At the time, several states were seriously considering giving women the right to vote (though the reasons why weren't always commendable), but it would be years before the passage of the 19th Amendment secured women across the country a voice in politics. In fact, it was Rankin’s hard work as an activist and lobbyist that got the 1914 Montana state legislature to grant women the right to vote in her home state, according to her biography at the U.S. House of Representatives. But that still wasn’t enough for her, and a few years later Rankin ran to represent Montana in Congress.

“I tell these young women that they must get to the people who don’t come to the meetings,” Rankin said in 1973, just before her death, Josh Zeitz reports for Politico. “It never did any good for all the suffragettes to come together and talk to each other. There will be no revolution unless we go out into the precincts. You have to be stubborn. Stubborn and ornery.”

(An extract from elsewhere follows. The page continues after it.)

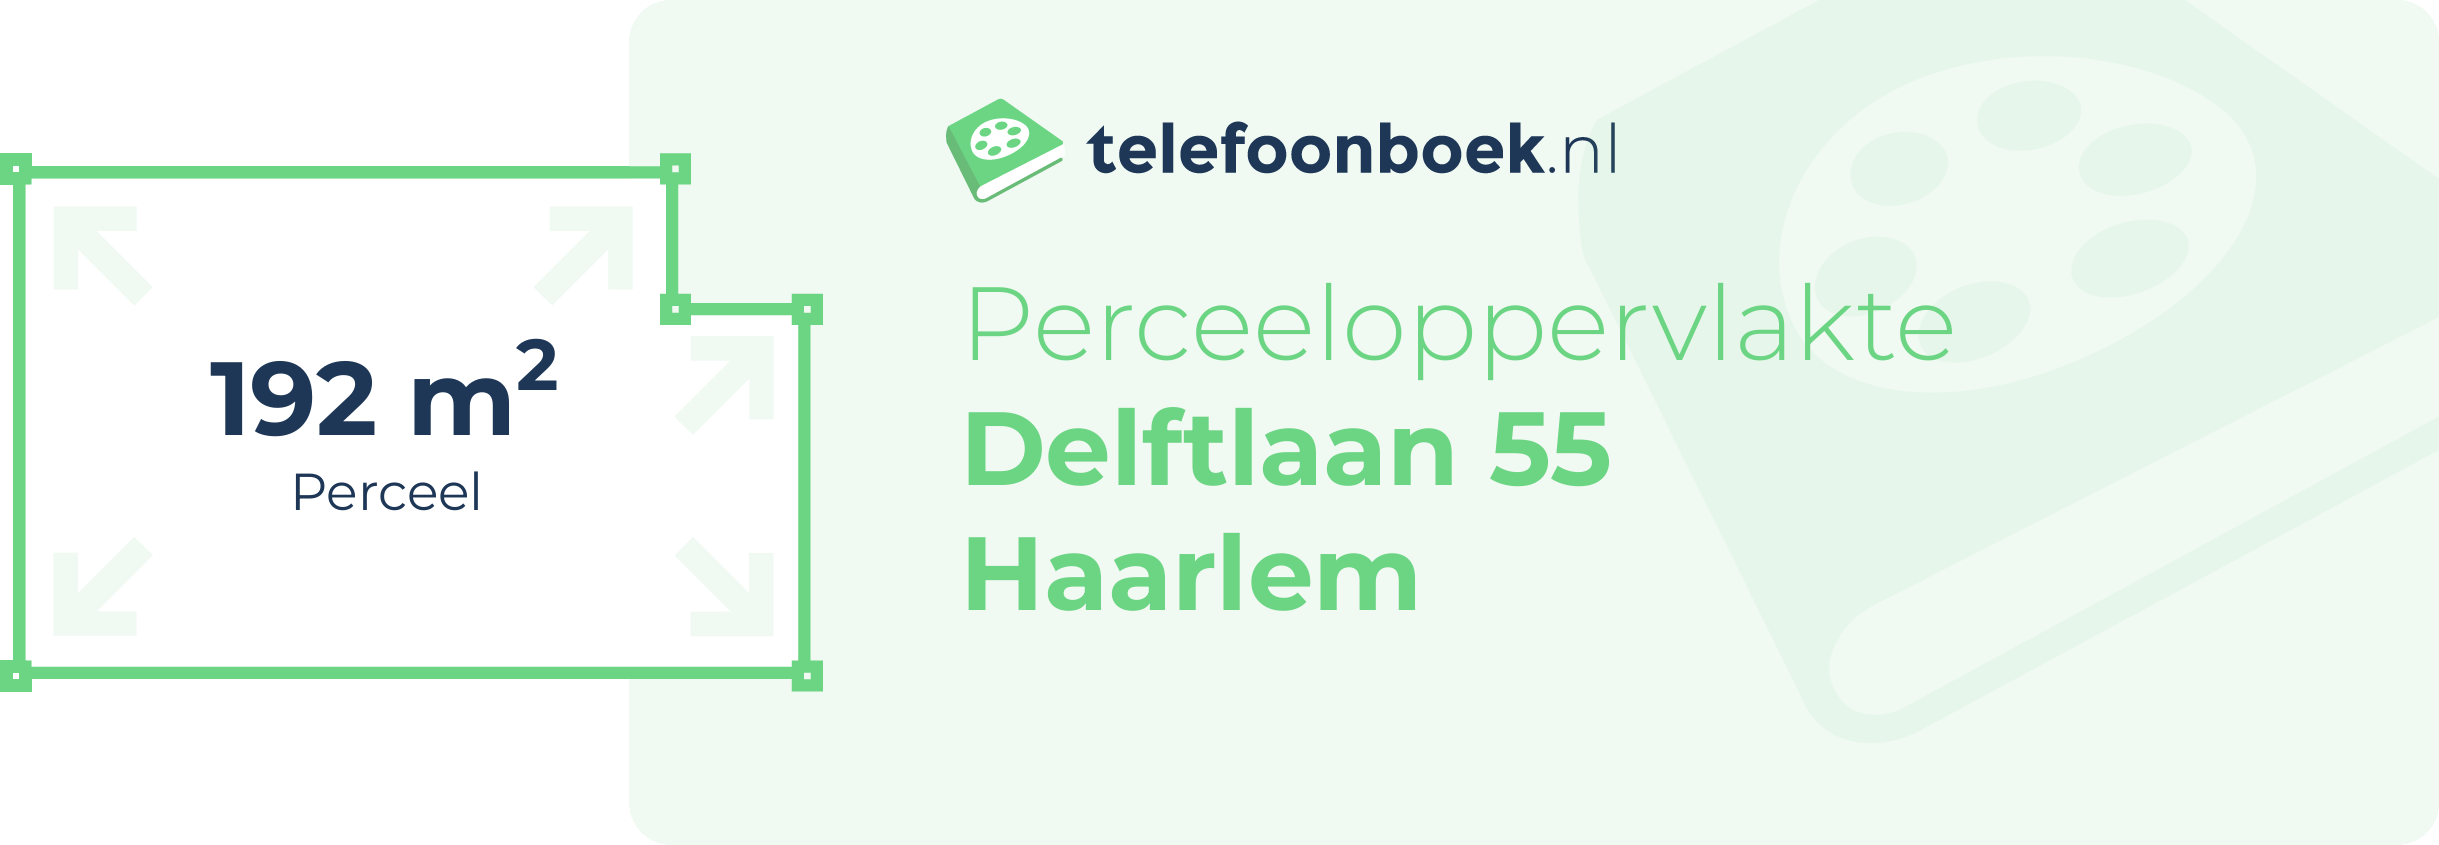 Perceeloppervlakte Delftlaan 55 Haarlem

That sentiment rang true when she first ran for office. Rankin was well-known among Montana’s political world for her tenacity in reaching out to voters and swaying them, with a reputation for traveling to far-off communities and visiting places some thought unsavory in an effort to sway citizens to back her, Zeitz reports. All that hard work paid off in 1916, when Rankin was officially elected as the first female member of Congress.

“I may be the first woman member of Congress, but I won’t be the last,” she said after hearing the news, according to her biography for the House of Representatives.

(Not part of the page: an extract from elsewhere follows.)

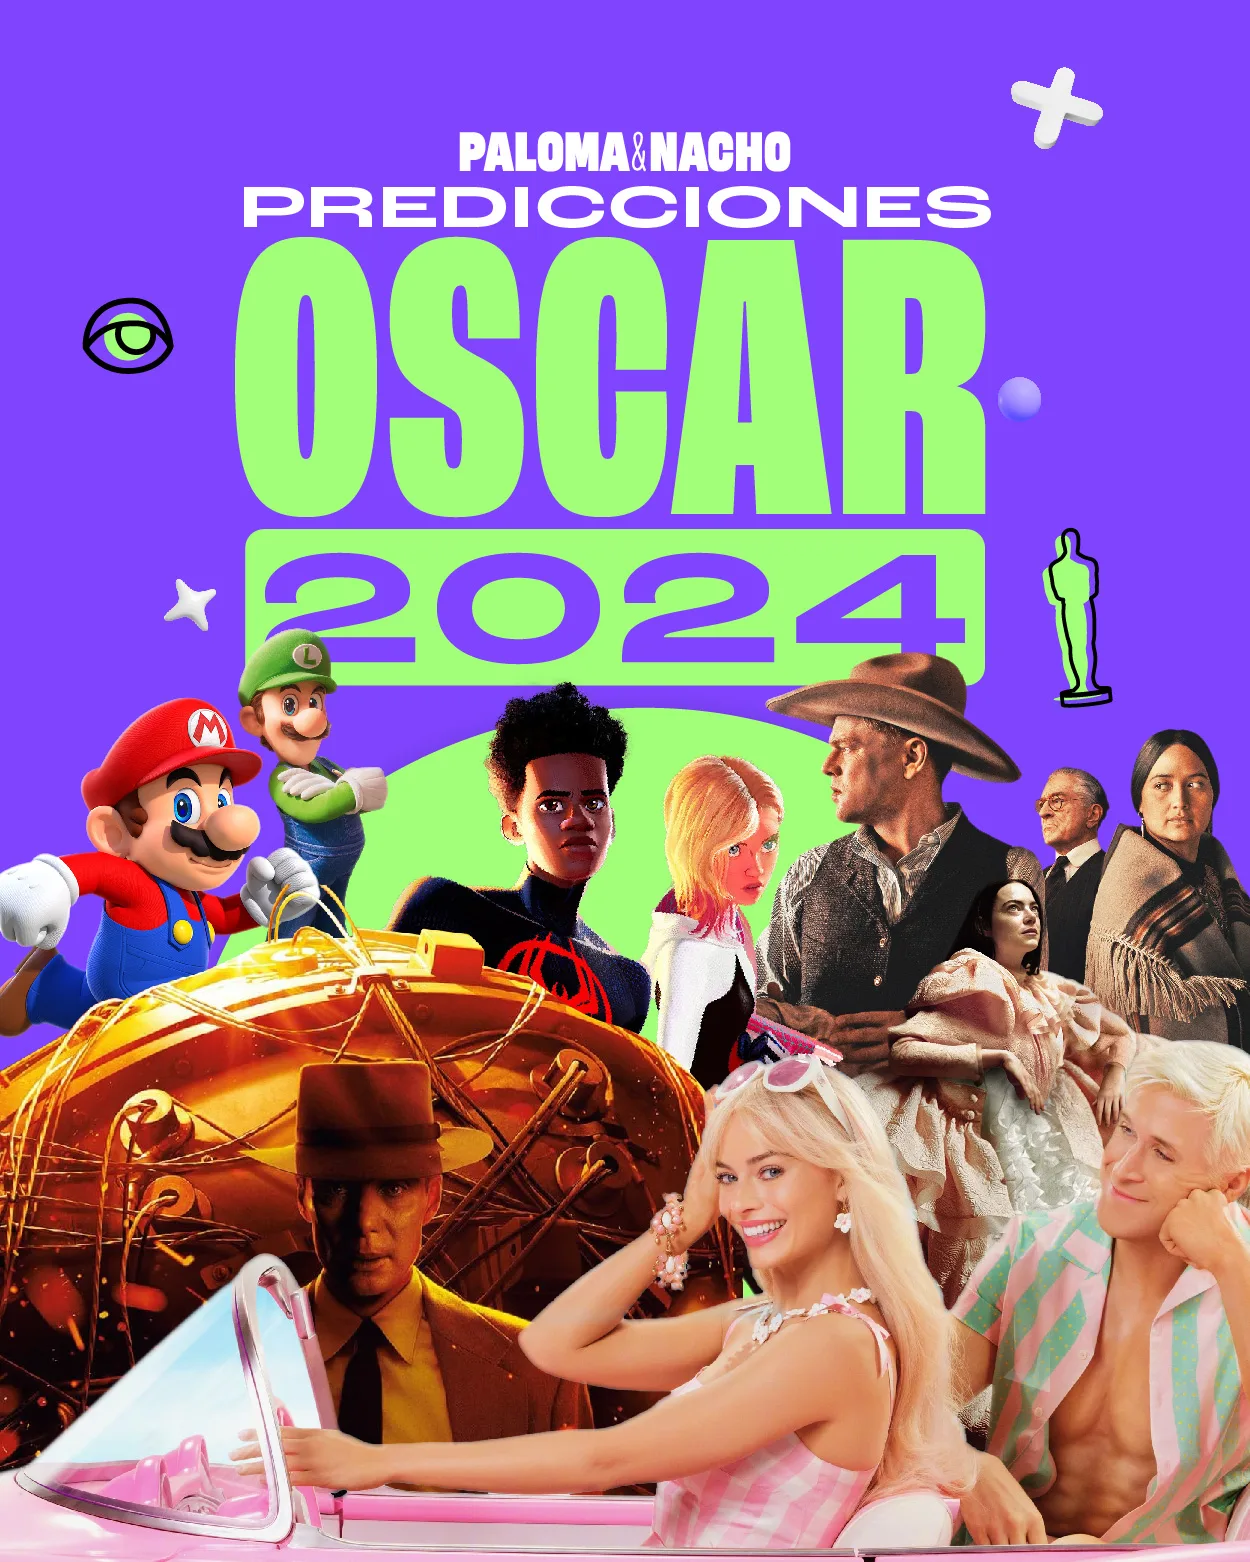 Predicciones Oscar 2024 Paloma & Nacho

True to form, Rankin’s time in Congress was defined by her dedication to women’s equality. She fought for an early, unsuccessful attempt at adding the right to vote to the Constitution, and was instrumental in initiating the legislation that would become the 19th Amendment. (Her vote on the original House resolution made Rankin, as she later noted, “… the only woman who ever voted to give women the right to vote.” ) However, her gender wasn’t the only controversial thing about her: a dedicated pacifist, Rankin was one of the few members of Congress to vote against entering World War I. That decision effectively destroyed her chance for reelection and followed her on her subsequent campaign for one of Montana’s seats in the Senate, according to the Senate Historical Office.

Still, Rankin was undeterred. She continued to be active in the political sphere, and later won a second round in the House of Representatives in 1940, partly because of her staunchly anti-war stance. But once again, her dedication to peace cost her politically: even after the Japanese Navy attacked Pearl Harbor, she refused to go along with the war effort, casting the single vote against entering World War II, according to the Office of the Historian of the House of Representatives.

For the rest of her life, Rankin continued to be an active voice in politics as women became more and more common in government positions from the local to the federal level. After spending several decades abroad, she spent her final days in the U.S., watching the Watergate hearings on television, Zeitz reports. She had no idea that one of the many attorneys working for the House Judiciary Committee on the case—a lawyer by the name of Hillary Rodham—would later take the biggest swing yet at shattering the glass ceiling that Rankin had cracked.